La poca sostenibilità dei prezzi per il consumatore, con la conseguente penalizzazione, assieme a famiglie ed imprese, delle condizioni di remunerazione del lavoro delle piccole imprese del settore della distribuzione carburanti, avrebbe convinto la più grande compagnia al mondo e terza in Italia per numero di impianti – la ESSO – ad uscire dal mercato nazionale.
L’uscita di questa compagnia dal mercato italiano e umbro avrebbe ricadute pesantissime su migliaia di micromprese, già messe in ginocchio dagli alti prezzi del prodotto e dal tracollo dei consumi.

Per scongiurare il rischio di dover sottoscrivere contratti peggiorativi con eventuali compagnie subentranti, si stanno studiando iniziative, anche eclatanti, di tutela delle imprese.
Anche per questo è scattata la campagna di raccolta firme presso i distributori di carburante, per sostenere la petizione rivolta al capo del governo, con cui Figisc e Anisa (le due associazioni di settore aderenti a Confcommercio) chiedono una diminuzione delle imposte sui carburanti.
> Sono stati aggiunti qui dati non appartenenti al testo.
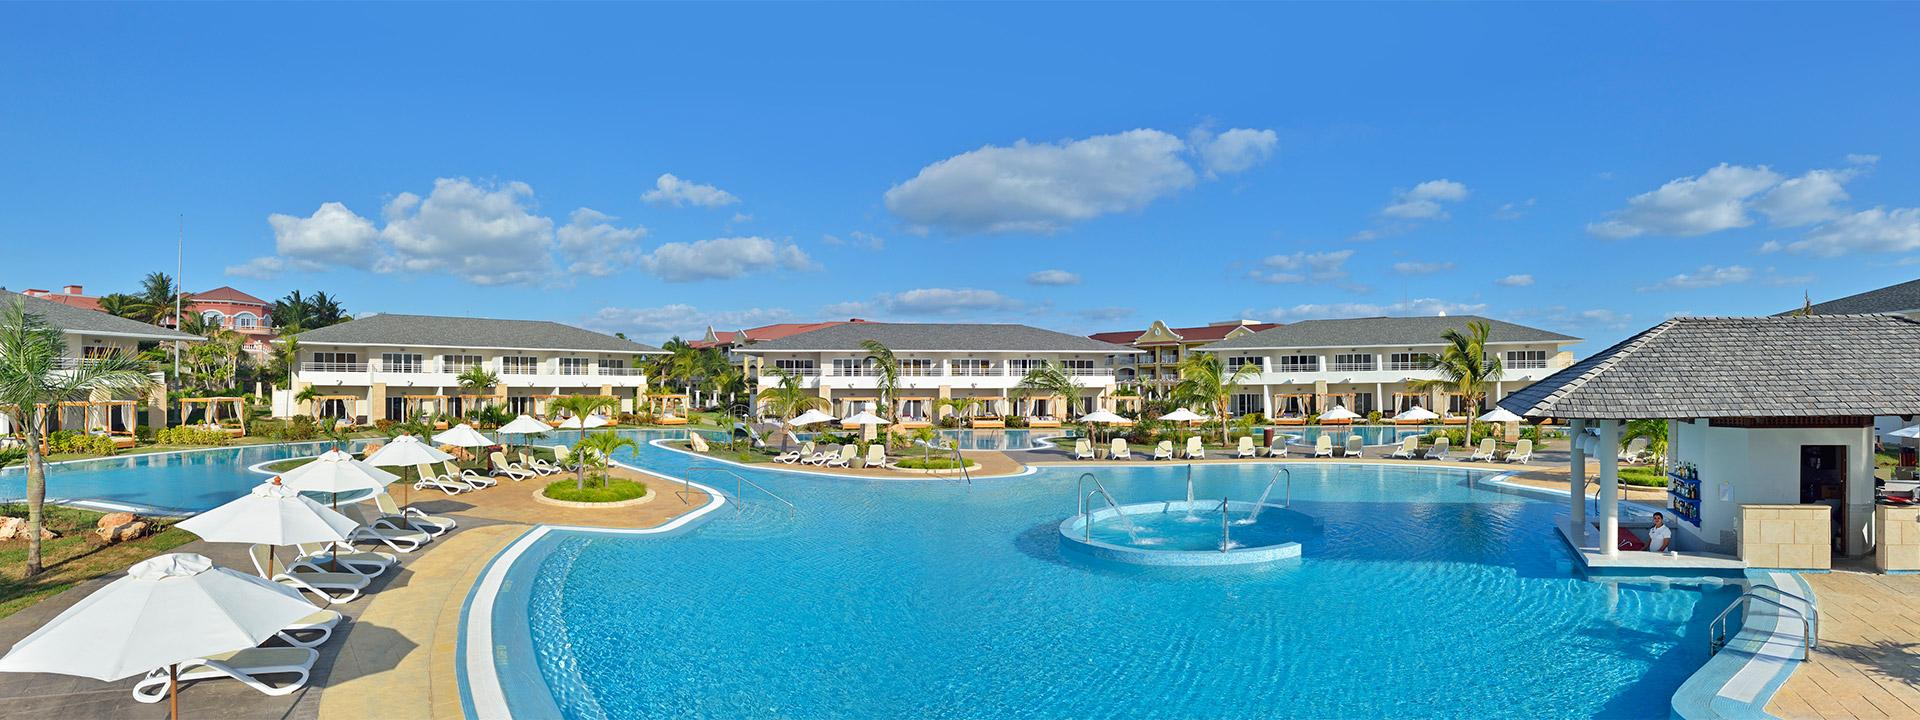 Hotelería cubana con seis postulaciones a los premios World Travel Awards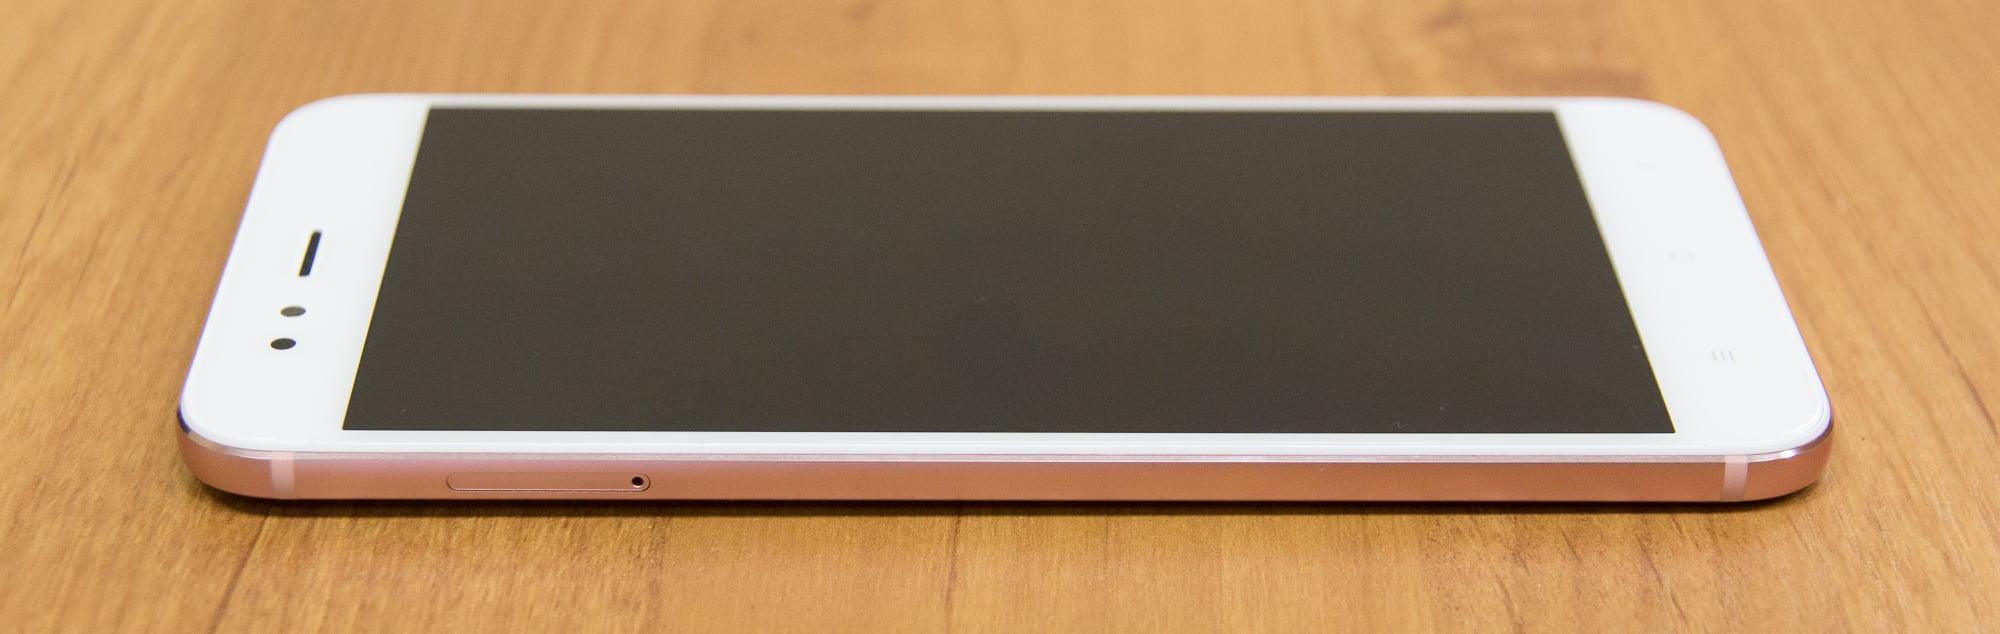 Обзор недорогого смартфона с хорошей для этой цены камерой. Изучаем Xiaomi Mi 5X (он же A1) - 7

“In poco più di un anno”, commenta Giulio Guglielmi, presidente Figisc – Confcommercio dell’Umbria e vicepresidente nazionale, “i prezzi dei carburanti sono aumentati di 25/26 centesimi di euro al litro: un incremento che non ha eguali in tutta l’Europa comunitaria, dovuto dall’81 al 96 %, a seconda del prodotto, all’uso pesantissimo che i Governi hanno fatto della leva fiscale su questo bene indispensabile alla mobilità dei cittadini e delle imprese, alimentando il peso dell’inflazione, facendo crollare i consumi di più del 10%, erodendo il reddito delle famiglie, e tutto nel pieno di una durissima fase recessiva dell’economia”.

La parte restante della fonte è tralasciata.